World models have likewise become an important paradigm in autonomous driving, where they increasingly unify perception, prediction, planning, and simulation. Compared with robotic manipulation, driving places stronger demands on long-horizon forecasting, multi-agent interaction, structured geometry, and safety-critical planning. Accordingly, driving world models often learn future-evolving scene representations---in image space, multi-view space, occupancy space, or compact latent space---and use them to support downstream planning or end-to-end driving decisions [@mile; @gaia; @occworld; @drivewm]. Early and representative works already reveal two complementary routes. One emphasizes compact or structured predictive states: MILE learns a latent dynamics model with geometric inductive bias for urban driving [@mile], while OccWorld formulates world modeling in 3D occupancy space so that ego motion and scene evolution are represented in a planning-compatible form [@occworld]. The other makes the generative world-model view more explicit: GAIA-1 casts driving world modeling as multimodal sequence modeling over video, text, and action tokens [@gaia], and DriveDreamer uses diffusion-based modeling with structural constraints to capture complex traffic evolution from real driving data [@drivedreamer].

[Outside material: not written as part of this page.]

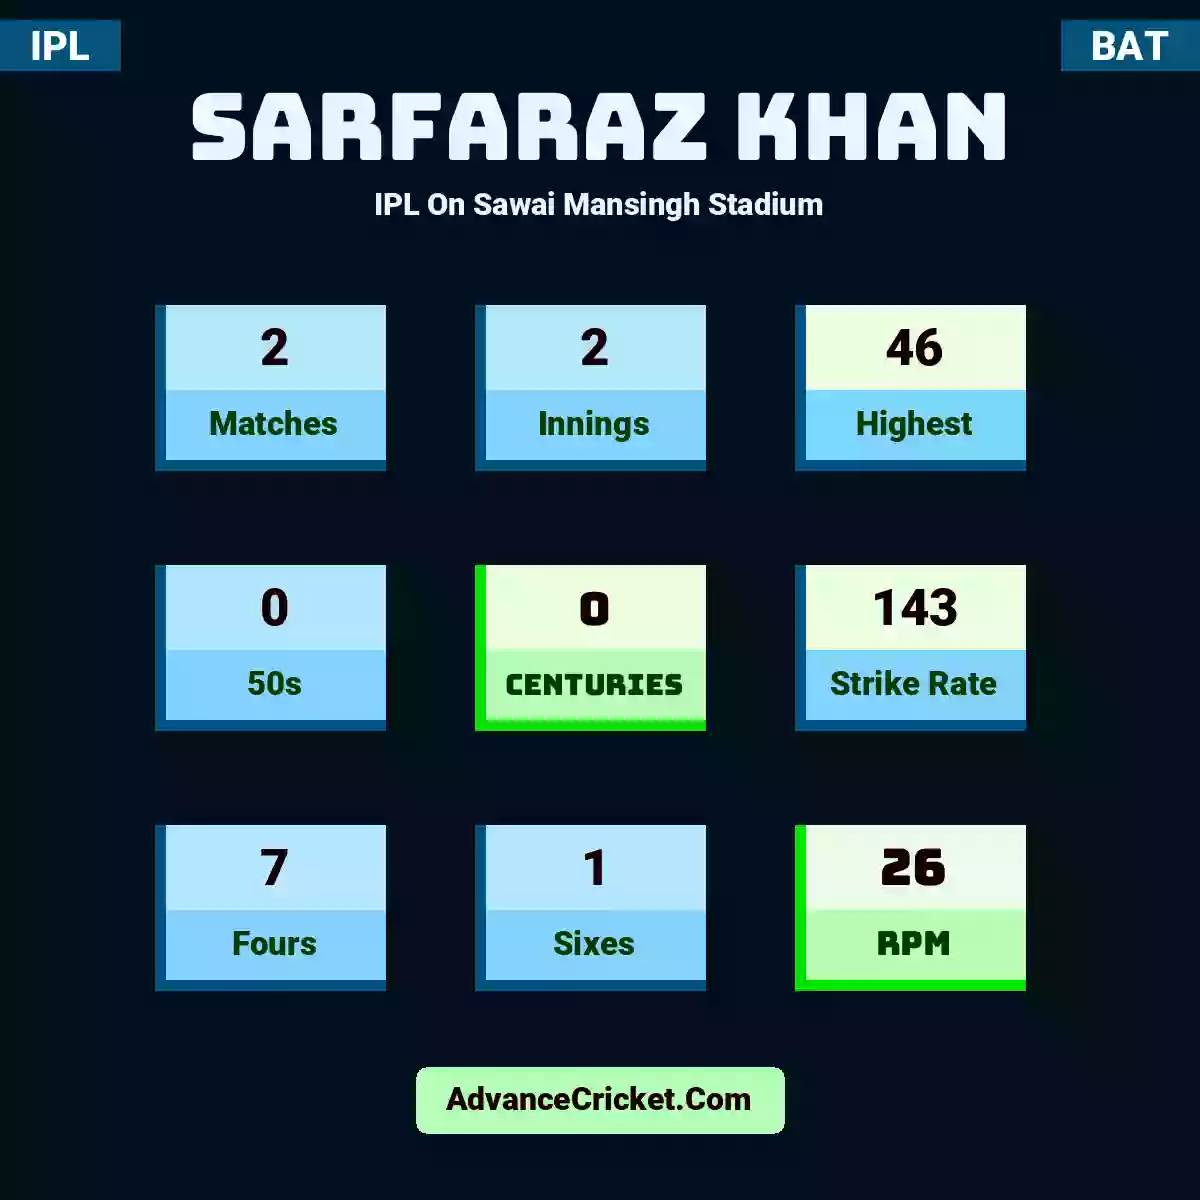 Sarfaraz Khan IPL  On Sawai Mansingh Stadium, Sarfaraz Khan played 2 matches, scored 46 runs as highest, 0 half-centuries, and 0 centuries, with a strike rate of 143. S.Khan hit 7 fours and 1 sixes, with an RPM of 26.

More recent work pushes these directions toward planning-oriented and unified driving intelligence. Drive-WM generates controllable multiview future videos and uses imagined multi-future rollouts together with image-based rewards to select safer trajectories [@drivewm]. UniDWM further argues for a structure- and dynamics-aware latent world representation as a unified substrate for perception, prediction, and planning [@unidwm]. DriveWorld-VLA strengthens the connection between world modeling and action generation by using latent world states as the planner's decision state, allowing action-conditioned imagination to guide control without expensive pixel rollout [@dwvla]. From the scaling perspective, DriveVLA-W0 shows that future-image prediction through world modeling provides dense self-supervision that improves end-to-end driving VLAs beyond low-dimensional action supervision alone [@drivevlaw]. Furthering this hierarchical synergy, SteerVLA [@steervla26] conceptually frames the high-level VLM as a semantic world model that generates fine-grained, common-sense reasoning to steer a low-level VLA policy through complex, long-tail driving maneuvers. Overall, world models in autonomous driving are best understood as a bridge from passive scene understanding to predictive driving intelligence [@gaia; @drivewm; @unidwm]: some methods use them as controllable simulators of future scenes, some as structured state spaces for planning, and some as dense predictive supervision for scaling end-to-end driving policies [@occworld; @drivevlaw]. Across these variants, the shared intuition is the same: safe driving requires not only recognizing the current scene, but reasoning over how it may evolve under ego behavior and surrounding traffic dynamics [@mile; @drivedreamer; @unidwm].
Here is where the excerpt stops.